The author of this image on Flickr makes a noteworthy response, very much reflecting reality, to a commenter that says, “So buy less means people loose jobs. Then the economy will fall and people will go on welfare and maybe they will start stealing for ways to make money for food. so yes lets buy less.”
The problem is that argument is premised on a number of false assumptions which are too numerous and complicated to get into here, unfortunately. The most significant of these assumptions is that it’s The Economy that makes the world go ’round, when in fact, it isn’t.

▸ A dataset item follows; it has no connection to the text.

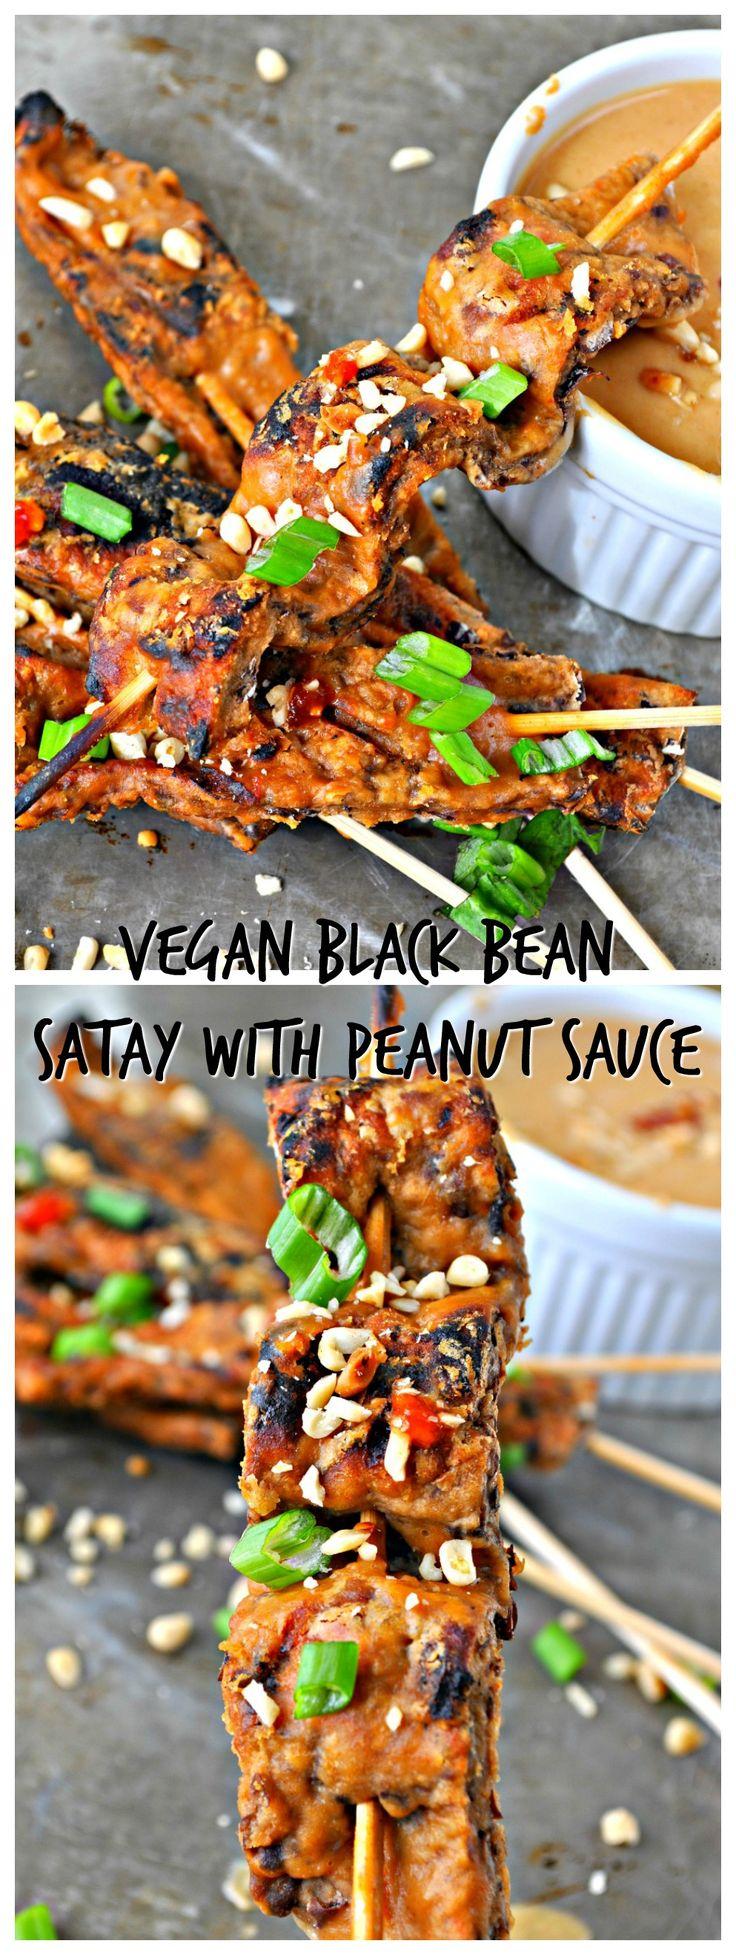 Vegan Black Bean Satay with Peanut Sauce

It’s that assumption that this Cree prophesy addresses:
“Only after the last tree has been cut down,
Only after the last river has been poisoned,
Only after the last fish has been caught,
Only then will you find that money cannot be eaten.”The Economy is based on the exchange of goods and services. For goods and services to be produced, materials that come from “The Environment” have to be used, and waste material has to be expelled. Your argument assumes that there is an infinite quantity of material in the Environment with which to produce goods and services, and that there is no limit to The Environment’s capacity to absorb the waste produced through the production and consumption of goods and services. However most resources (water, oil, metals, land, to name a few) are not renewable, and pollution is resulting in a reduction in the earth’s capacity to renew those resources that are renewable. If we keep using up finite resources and degrading the environment through the production and consumption of goods and services, we will not be able to continue producing and consuming the products that make The Economy go ’round. My point here is that your argument fails to consider that environmental degradation is an even more serious threat to The Economy than a decrease in consumer spending.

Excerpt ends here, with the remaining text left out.